Это кровь превращается в свет –
Аккуратно, кровинка к кровинке.
Это все, кто когда-то страдал
Безызвестно и неотомщённо,
Упадают на Фрунзенский Вал
Отрешенно и просветленно.
Потому и спокоен, как храм,
Древний город в сознании новом,
Что не видно зияющих ран
Под сияющим белым покровом.
Видно, вышел отмеренный срок –
Больше кровь не взывает о мщенье.
Это нас, может быть, самый Бог
Осеняет холодным прощеньем.
* * *
«будьте прохожими»
день
ночь
день
за окном
воет троллейбус
как бомба в военном кино
день
ночь
май
скрипят за окном качели
* * *
Дождь в октябре. Одинокий, красивый, чужой.
В темных карманах свернулись озябшие руки.
А под ногами, на куртке и над головой –
Крупные капли, как долгие гласные звуки.
Дождь в октябре. Белый ангел, холодный пророк.
Скрючились ноги в ботинках, как жухлые листья.
Вечер. И воздух, как рыжий нездешний песок,
Как апельсины, как шапка мохнатая лисья.
Дождь в октябре. Равнодушный, как солнце, ничей.
Каменный, мокрый, уверенный, проклятый город,
Что тебе снится, когда в тесном чреве ночей
Серые губы твои набухают позором,
И отчего ты кричишь, и кого ты зовешь –
Мальчик, сбежавший от мамы на людном вокзале?
Разве не ты рисовал этот проклятый дождь?
Разве он смотрит теперь не твоими глазами?
Дождь в октябре. Все, как виделось, кликалось, как
И представлялось, и пелось в далеком «когда-то», –
Только какие холодные капли в руках,
И в облаках, разворошенных и ноздреватых,
Мерзнет луна, как картошка в намокшей золе.

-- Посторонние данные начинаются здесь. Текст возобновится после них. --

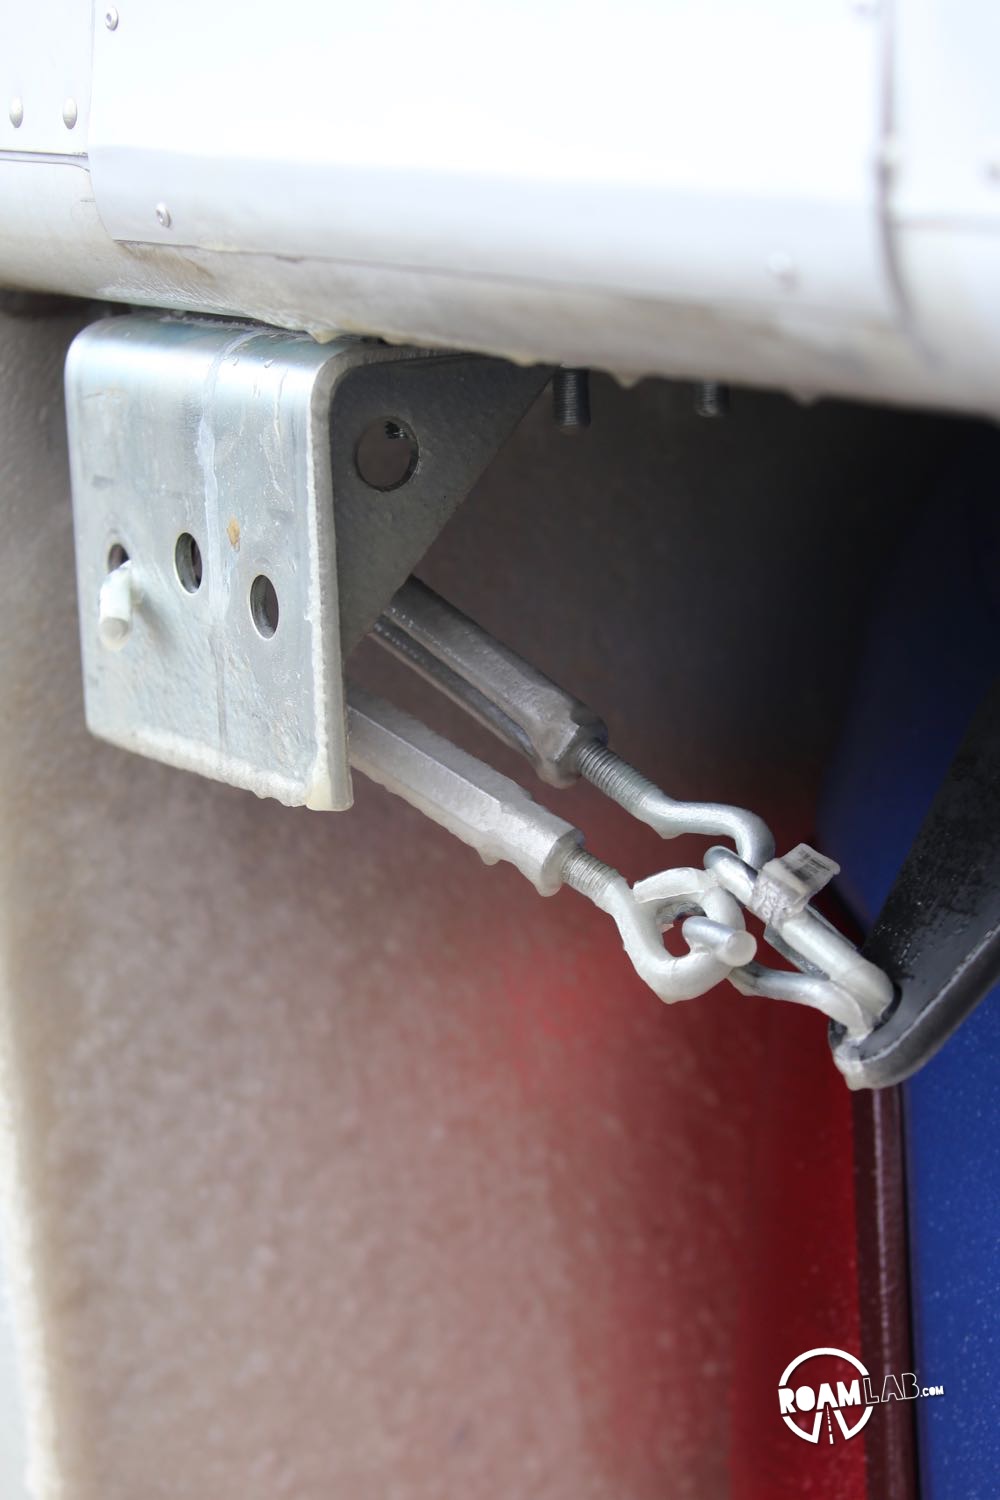 Two small turnbuckles connecting a Brophy Tie-Down and truck camper jack bracket, frozen in place.

Черточки, точки – дождик на детских картинках.
Страшно быть городом в дождь, в октябре, на земле.
Страшно быть в городе, в куртке, в промокших ботинках.
* * *
Девочка – подсолнушек улыбчивый –
На плацкартной нижней полке тряской
Тихонько поет о гарной дивчине
Пупсику в пластмассовой коляске.
Вечер, как большая виноградина,
Чуть лоснится за окном вагона.
Свет зажгли. Заговорило радио.
Жизнь идет, как шла во время оно.
Так и хочется, как Гоголь: Русь, мол, Родина,
Ты несешься, как вагон плацкартный!..
Только всё вокруг спокойно вроде бы –
Чай вот пьют. Сидят. Играют в карты.
Девочка всё пупсика баюкает.
Колбасу едят ее родители.
А вагон летит. Колеса стукают.
Мимо сёл, где спят спокойно жители.
* * *
В зеленом платье с бархатной оборкою,
С парчовым золотистым пояском
В субботний день из Марьино до Горького
На транспорте доехать городском.
Повременить у памятника Пушкину,
Закрыть глаза и, грезя наяву,
Вдыхать подслеповатую и душную,
Как прачечная, влажную Москву.
И, приобщась к культурному наследию,
Купить билет и, как в кошмарном сне,
Час сорок пять смотреть кинокомедию
В зеленом платье, липнущем к спине.
И – полною заботами комичными
Чужой семьи покинув кинозал –
Вдруг ощутить, как едкими и личными
Слезами наполняются глаза.
И так же вдруг – опомниться, в испарине
Одернуть платье с узким пояском,
Расправить плечи и обратно в Марьино
На транспорте поехать городском.
* * *
Все проходит. Наступает снова.
И на пыльных листьях остается
Долгое предчувствие другого
Глянцевого мартовского солнца.
Все проходит. Наступает. Длится
Медленно и неостановимо.
Только Бог способен усомниться
В вечности сентябрьского дыма.
Все проходит – и дурман прозренья,
И высокий холод вдохновенья.
Память – это меркнущая вера
В новую возможность повторенья.
* * *
За потеками стекол – февральский полуденный дым.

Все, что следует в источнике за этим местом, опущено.